Fine Ilocano feast in La Union

For years, when my family spent summers and All Saints’ and All Souls’ holidays in my father’s hometown, Bauang in La Union, the first order of each day was to hit the beach. We were confined to that area, breathing in the sea air and getting as much swim time as we were allowed for the too-few days before going back for that long eight-hour trek home.

But our most recent visit was different because the first agenda was to hit the table.

Mary Jane Ortega, former mayor of San Fernando City and wife of La Union Congressman Victor Ortega, had a long table ready for this sort of family homecoming. It would take weeks after to trace the connection between our two families. It was always hinted, however, and though my siblings and I were curious, we never bothered to ask my late father.

But this trip was not only about rediscovering family, but also getting to know more about our home province.

Mary Jane, our indefatigable host, knew that I write about food and she was ready for sidebars on each dish, even having the persons who cooked them dine with us.

Dishes were a combination of traditional Ilocano, the family recipes, and what can be found in the city market that was right across the street from the Ortega house.

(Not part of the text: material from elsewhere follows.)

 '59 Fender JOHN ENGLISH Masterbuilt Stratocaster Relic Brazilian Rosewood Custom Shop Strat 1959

‘Kilawin,’ ‘dinendeng,’ seaweed

There was kilawing kambing (goat skin and meat mixed with seasoned vinegar); eggplant salad with the risqué name (to non-Ilocanos) of poque-poque; and the quintessential vegetable stew called dinendeng, which I was glad to see included malunggay pods (moringa oleifera, drumstick), not always known to be edible outside of Ilocos.

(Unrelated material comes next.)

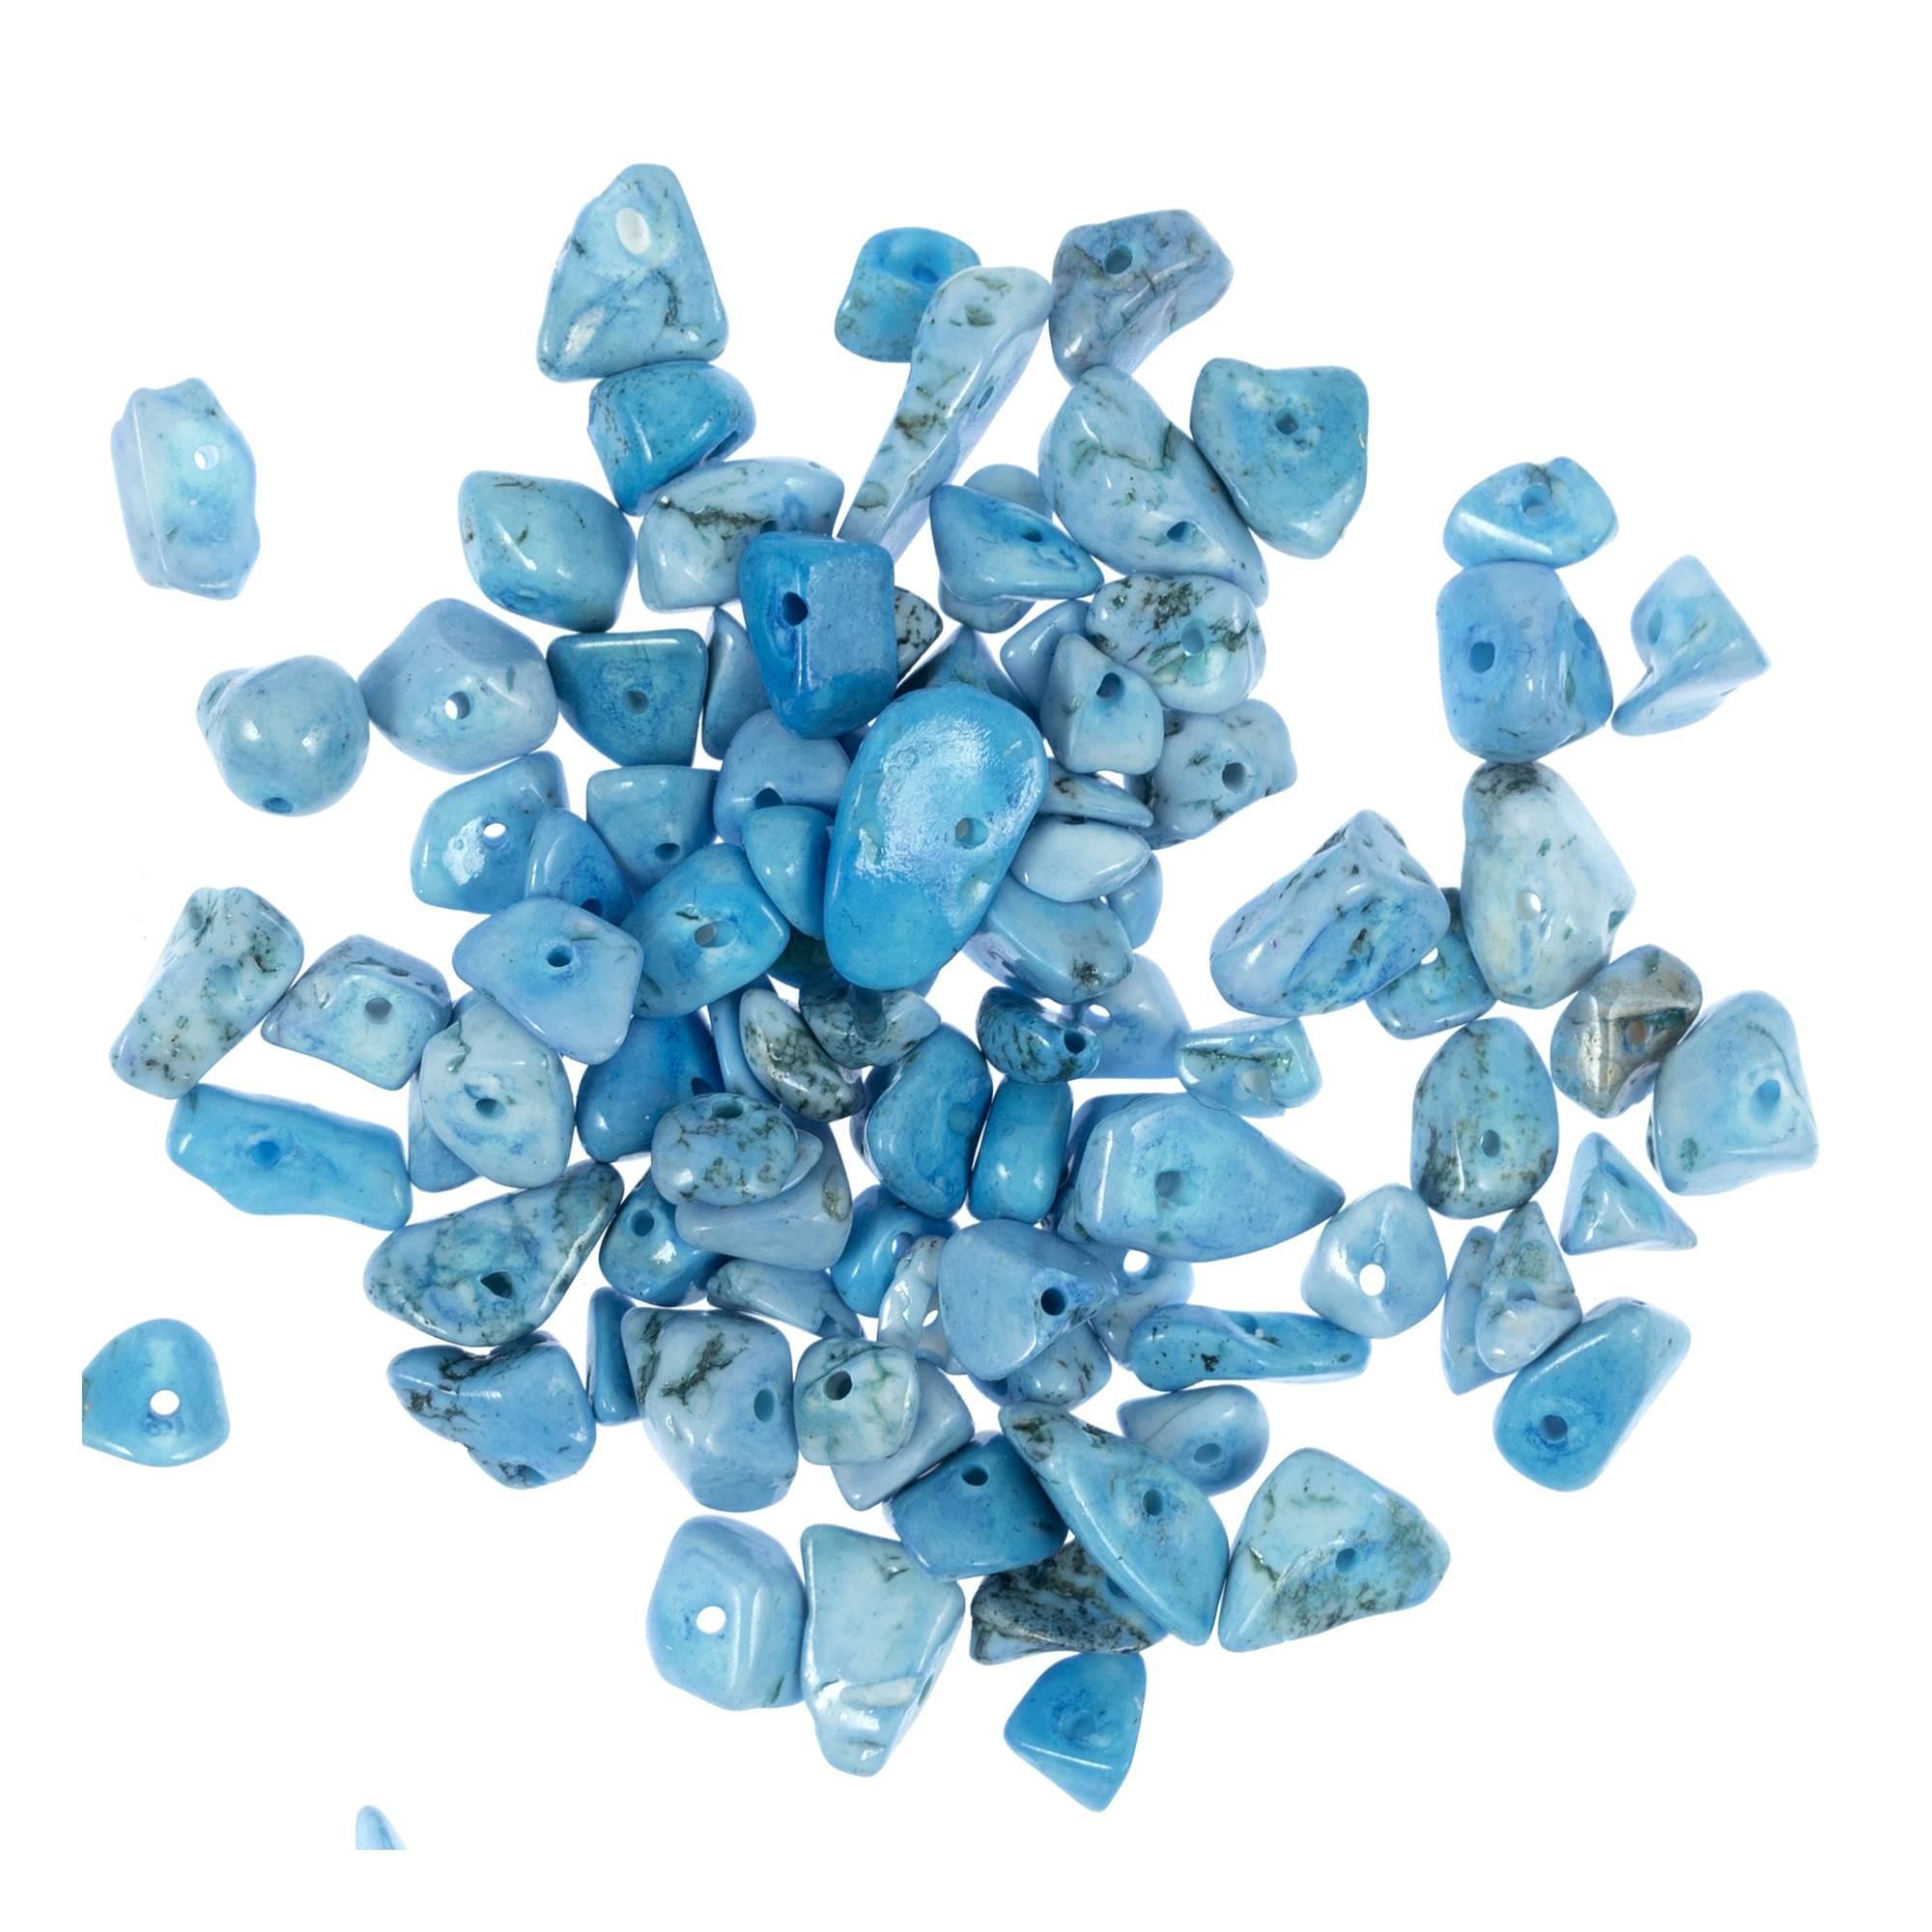 Dark Blue Gem Stones 30g

Of course, there had to be seaweeds, the grape-like ar-arosep known as lato in the Visayas.

It was my first time to know that grilled pork, suggested to be the lean cut, is called pulpog in this area, served with pig’s blood sautéed with ginger and garlic.

Even if it was hot that day, the soup of oysters with sotanghon was a great welcome. The kare-kare was done perfectly, but Manang Suping’s bagoong alamang (arming, shrimp paste) made it even better. My father told me that at his family’s general store, they made the bagoong they sold there.

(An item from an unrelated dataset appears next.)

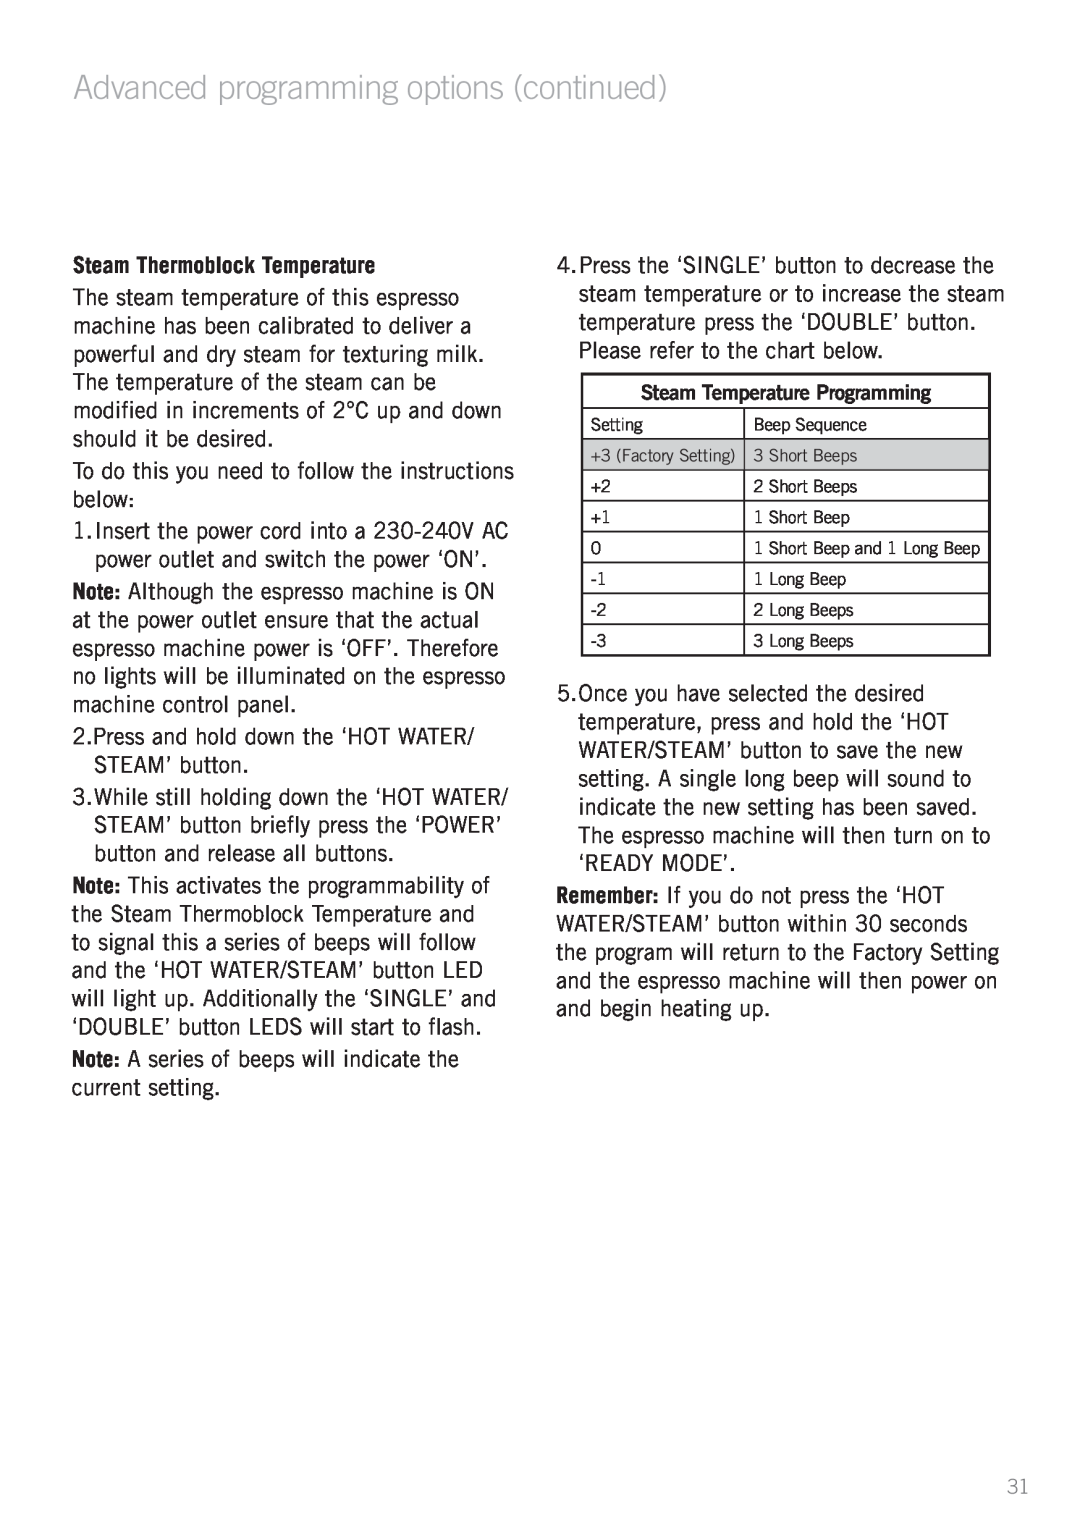 Sunbeam EM6200 manual Advanced programming options continued, Steam Thermoblock Temperature

Crabs and shrimps are expected, almost always available in the market across the house. It was done in the simplest way, steamed, a good way.

But the market that day had more. There was the rare lobster, and then what Mary Jane called gindara, the Japanese name for cod. It appears once in a while, she said, escaping from the cold waters. Both were fried, made even better when taken dipped in sukang Iloko, the dark local vinegar made of sugar cane. That drew raves from the table.

That cod can be found in tropical waters is difficult to believe. Some fisheries experts in the United States say that it is another specie called escolar. It has the same oily quality of meat, looks like cod, but eating too much of it isn’t good for you because you’d have to expel all that oil. Nevertheless, cod or not, it was a hit.

Dessert

What better dessert than mangoes harvested in the peak of summer season? La Union has the necessary hot and dry climate, like Zambales and Pangasinan, that produce the best mangoes.

And then we had a taste of our first kakanin (rice cake), tupig made of a batter of glutinous rice flour, coconut milk, sugar and panocha (jiggery), wrapped in wilted banana leaves then roasted over charcoal.

At the lunch table was Denny Ortega, wife of Gov. Manuel Ortega, whose project is the cooking competition of the La Union Vibrant Women Inc. (LUVWI).

We tasted the competition entries at a dinner in the provincial capital. There were three dinendeng winners—one made with mani (peanut), another of malunggay, and the third of buko (young coconut)—all so good and quite creative.

One of the winning dishes was a soup made with dried espada (a variety of swordfish), gulaman (agar-agar, gurguroman), shredded coconut, milk and dried malunggay.

Mary Jane also had for us chicharon, a specialty of the family of Daisy Sayangda-Olivar, Mayor of Santol. It isn’t what one can call chicharon if you look at it, because the deep-friend pork rind has a coating of what looks like ketchup. Even with that, the chicharon is crispy and a bit sweetish.

Those were just part of our rediscovery of La Union. We ate the San Fernando version of halo-halo, a play but in a good way of Ilocano food such as bagnet kare-kare, the cleanest chicharon bulaklak, bibingka of Luna town, and Mediterranean cooking at Thunderbird resort. Those deserve another column.